Raw data:
——

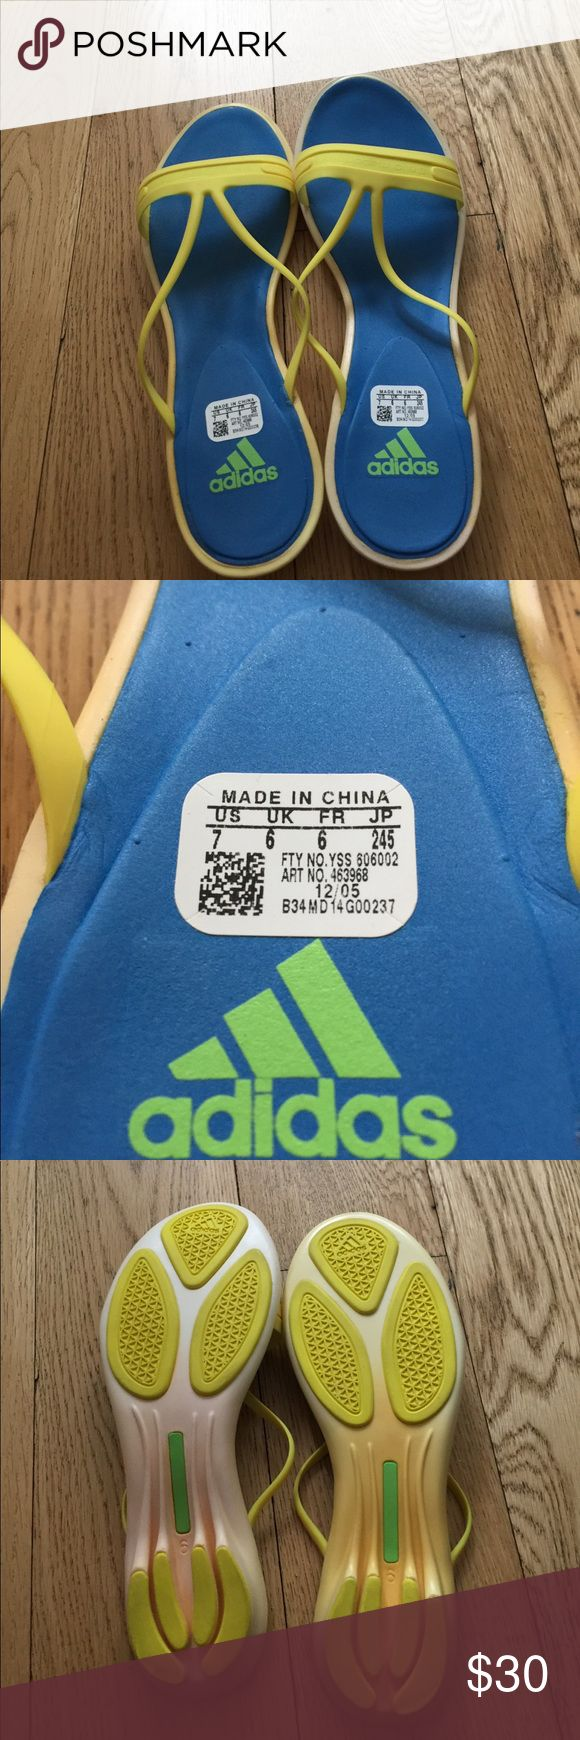 Stella McCartney Adidas Blue/Yellow Flip Flops Size 7. Like new! Adidas by Stella McCartney Shoes Sandals
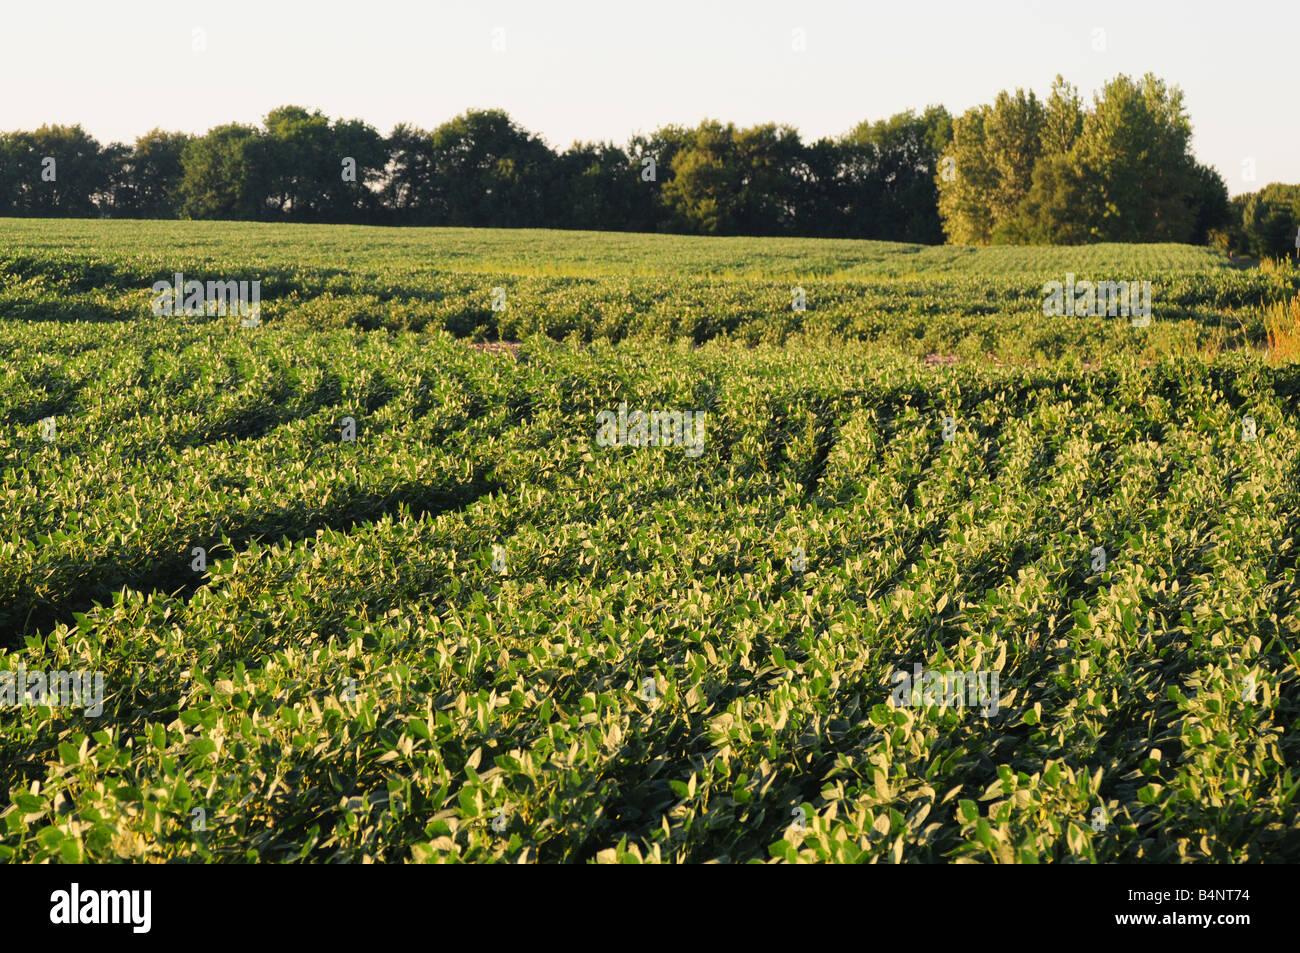 Illinois soybean or soy bean farm field - Stock Image
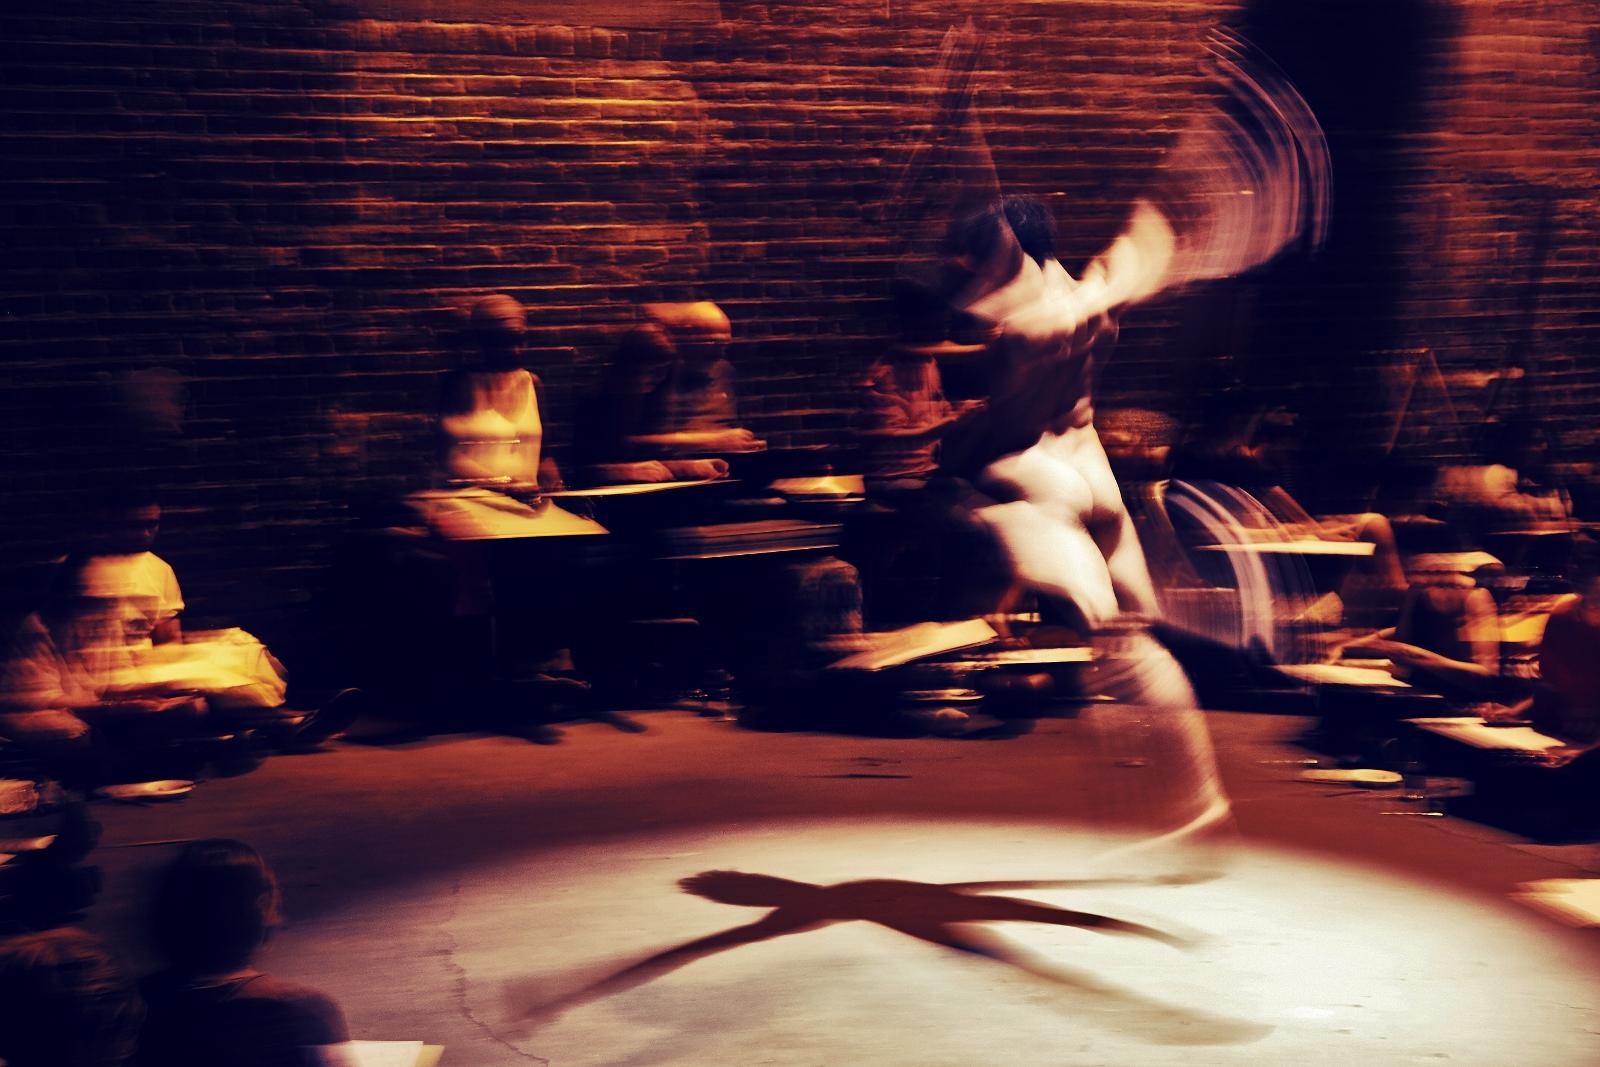 Dance (Pic by Ila Brugal - brugalila.tumblr.com).jpg

——

Problem description:
An exact, image-free transcript of the material is required.

Output below:
 Stella McCartney Adidas Blue/Yellow Flip Flops Size 7. Like new! Adidas by Stella McCartney Shoes Sandals
 Illinois soybean or soy bean farm field - Stock Image
 Dance (Pic by Ila Brugal - brugalila.tumblr.com).jpg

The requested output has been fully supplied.